I must have finally dozed off for a few hours. My laptop clock reads 9:15 AM, but the sky is so dark outside my window that I can see the Big Dipper over the airplane wing. It’s midnight in Bali. JP keeps telling me that the sooner I forget California Time the less jet-lag I’ll feel when we land in Denpasar. I guess old habits die hard.
The first hour aboard our China Airlines flight was still exciting: a new adventure has begun! All the inflight instructions and announcements are in an unfamiliar language; the airplane is gigantic with 2 levels! Oooh, they’re serving us dinner and it’s 2am! The subsequent 3 or 4 hours were the most miserable and uncomfortable hours spent in my travelling life! I could NOT find a comfortable position to sleep. And oh, how I wanted to sleep!!! Flip flops kicked off, feet struggling to stuff themselves in the same space being occupied by my carry-on backpack, knees aching since I can’t stretch them out to full extension, lower back aching incessantly in my nearly-upright position and my neck screams with tension and pain since I’ve got the “head bob” going on as I nod in and out of a restless sleep. I look over and JP is sleeping like a baby after a bottle of warm milk. Then the turbulance begins.

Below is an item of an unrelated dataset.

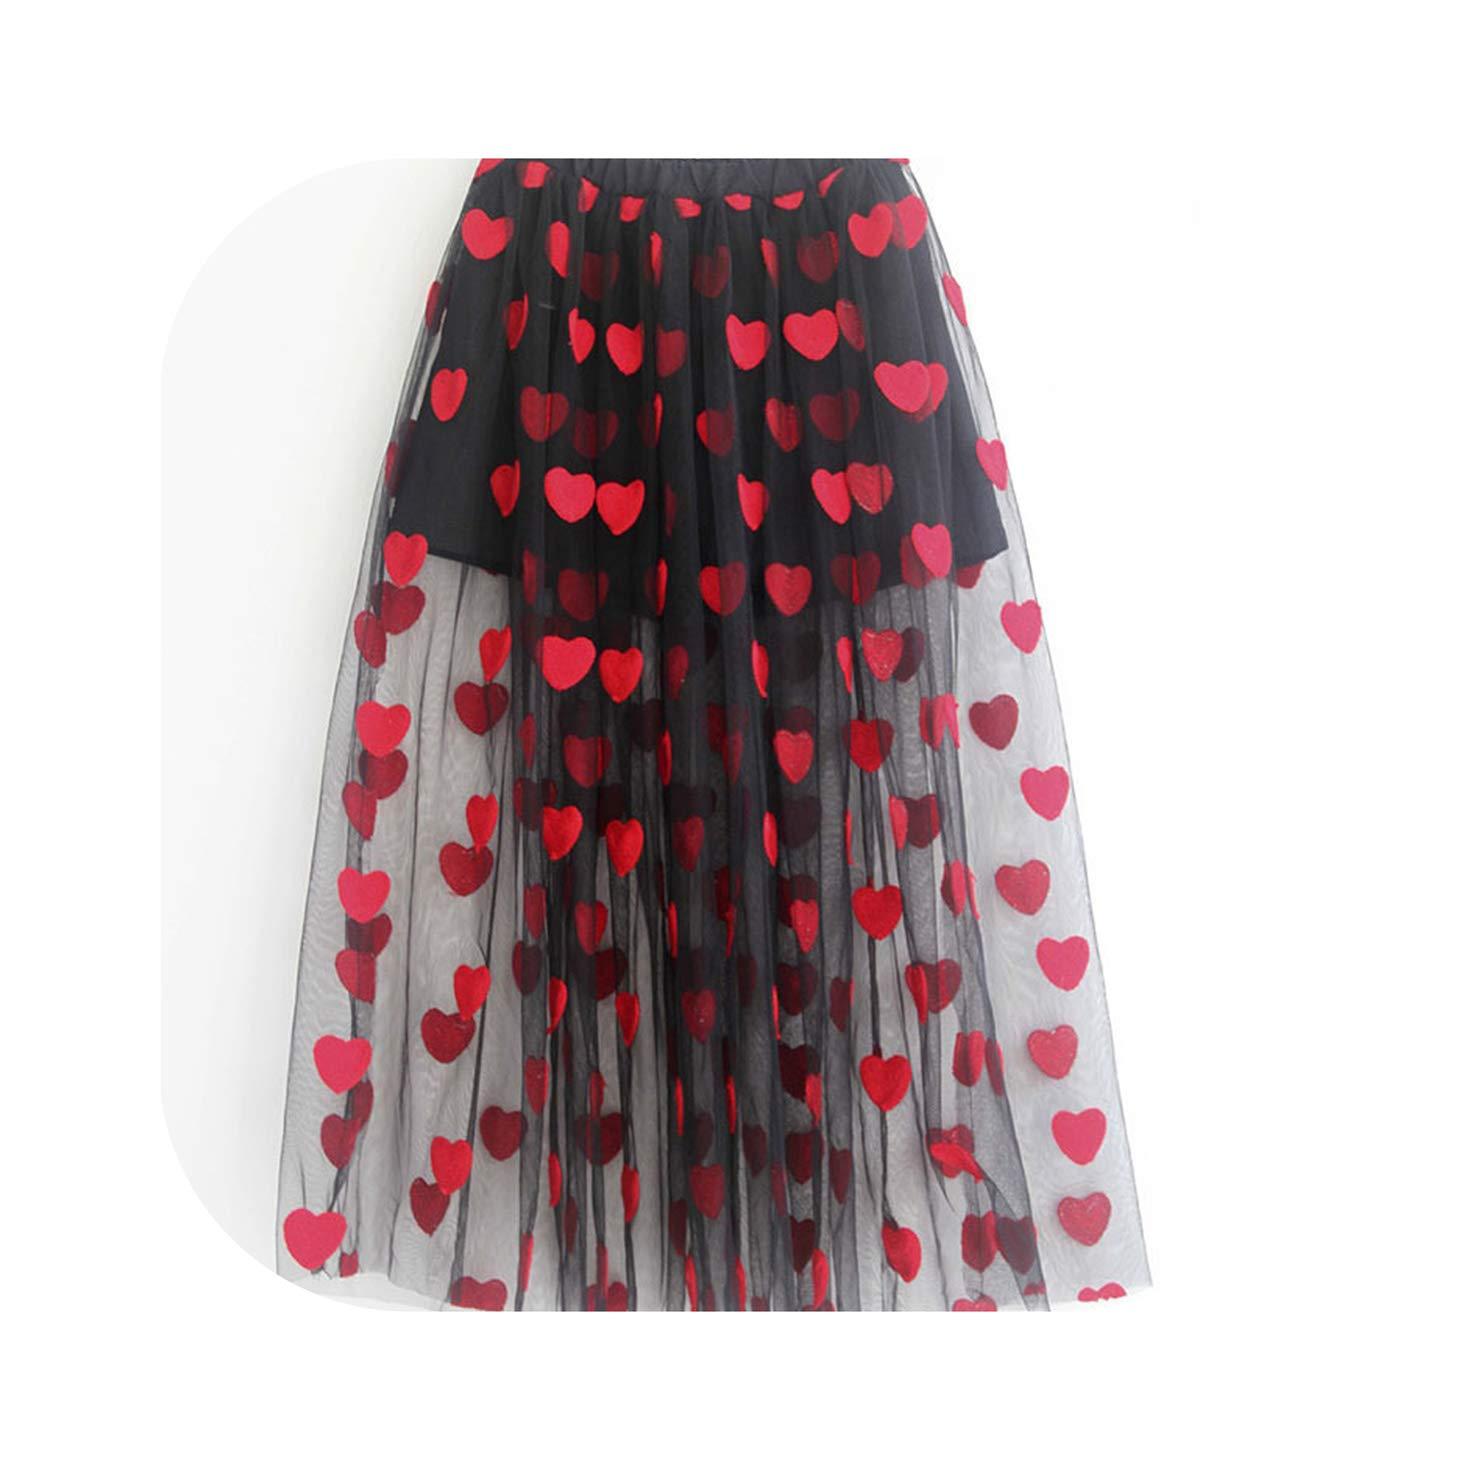 Embroidery Heart Pattern Teenage Skirt for Girls Summer Mesh Tulle Black Toddler Girl Skirts Children Shorts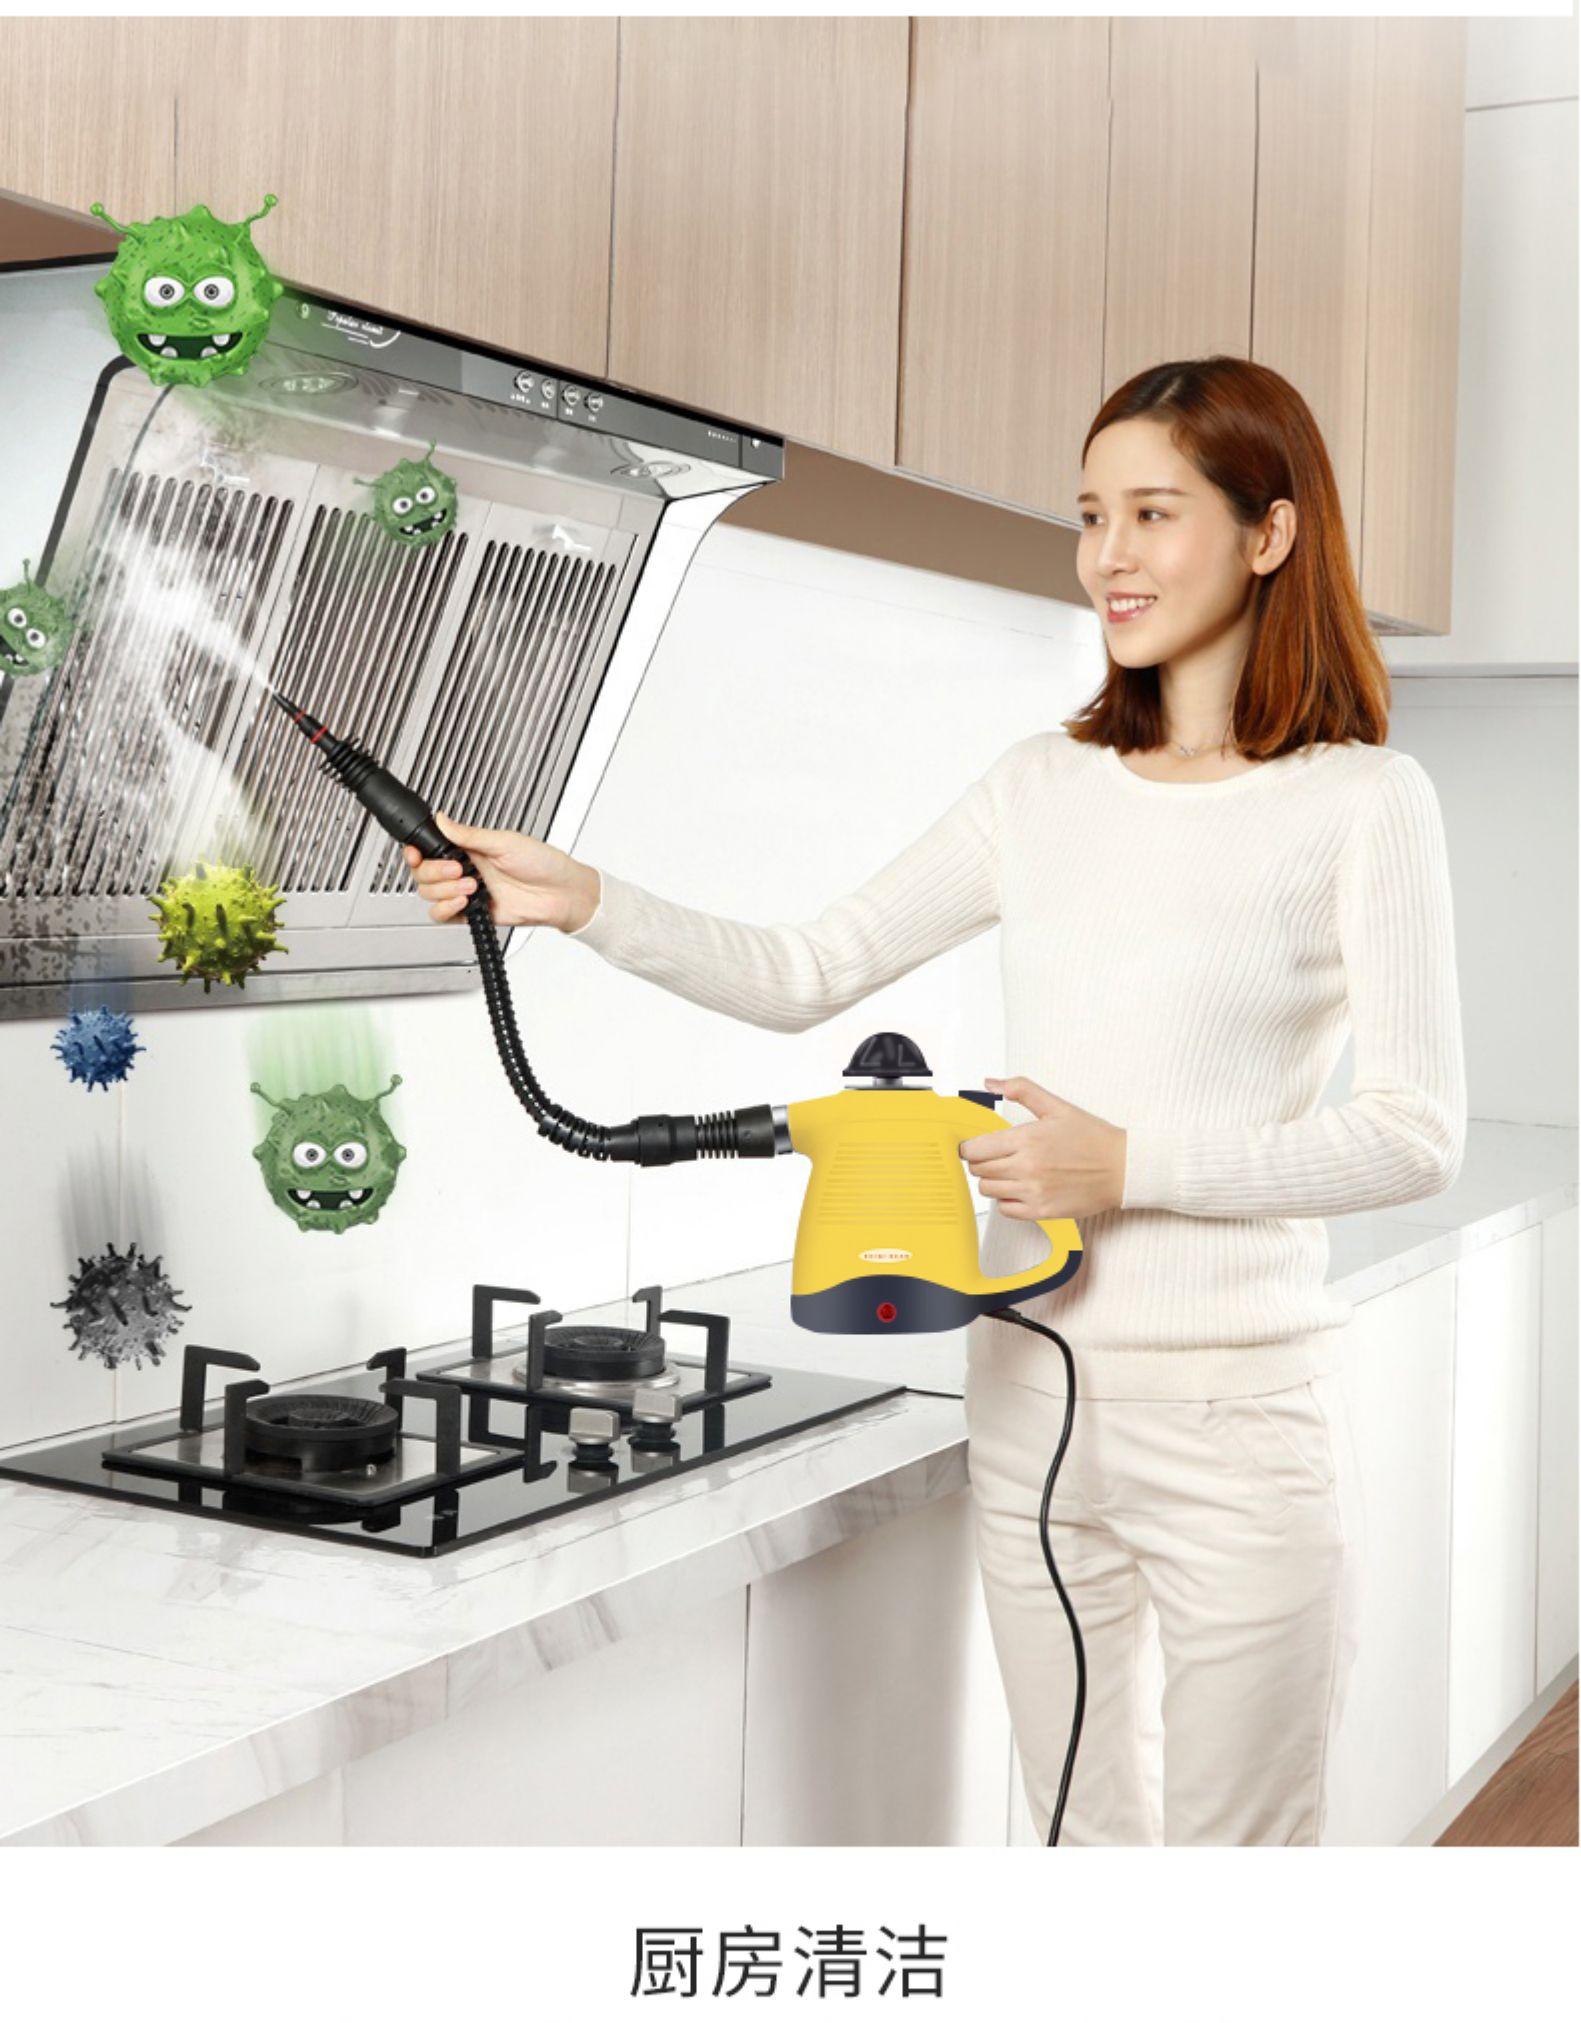 持平史低,除菌去油一步到位:贝奇熊 多功能手持高压高温蒸汽清洁机 99元包邮,带全套配件 买手党-买手聚集的地方

The first jolt of the plane sent butterflies through me; not in fear, but with the kind of amusement park thrill. I’ve flown countless times and have been through turbulance before. Then we dropped suddenly and jerked to the right as if we’d be sideswiped by a train. I sat up straight and grabbed JP’s hand. Looking around the wide and spacious cabin all the other passengars bobbed and weaved up and down like characters in a Whack-A-Mole game. As the seconds ticked on and the forces-at-be bounced and slammed us around in our tiny seats, I squeezed JP’s hand harder. Mine seemed to be the only worried face in the crowd, at first. The Asians surrounding me may have worn calm and serene faces but their white-knucked grips on the slender armrests gave them away. Serenity now, serenity now. Then a funny thing happened. My mind immediately jumped to “Are we going to die??” (of course, I’m so melodramatic) and I quickly realized that I wasn’t afraid of dying. I’ve lived a good life. Allbeit not terribly exciting or movie-esque, although plunging to my demise in the Pacific Ocean would certainly lift my chances of living on forever as an epic movie or afterschool special. But I have had a few adventures and plenty of good times in my short life. I’ve got the man I love sitting (sleeping) next to me and I’m too excited about my future to think of regrets. Ahhh, life is good. But I’d rather not die. J
JP just pointed out that if we were in LOST on Oceanic flight 815, we would be Gin and Sun since we’re the foreigners on this flight. Ha ha! Guess I’m not the only one weighing the possibilities of us going down. Paranoid minds think alike! :)
Woah, don't mean to think about sad things. Just soooo tired!!!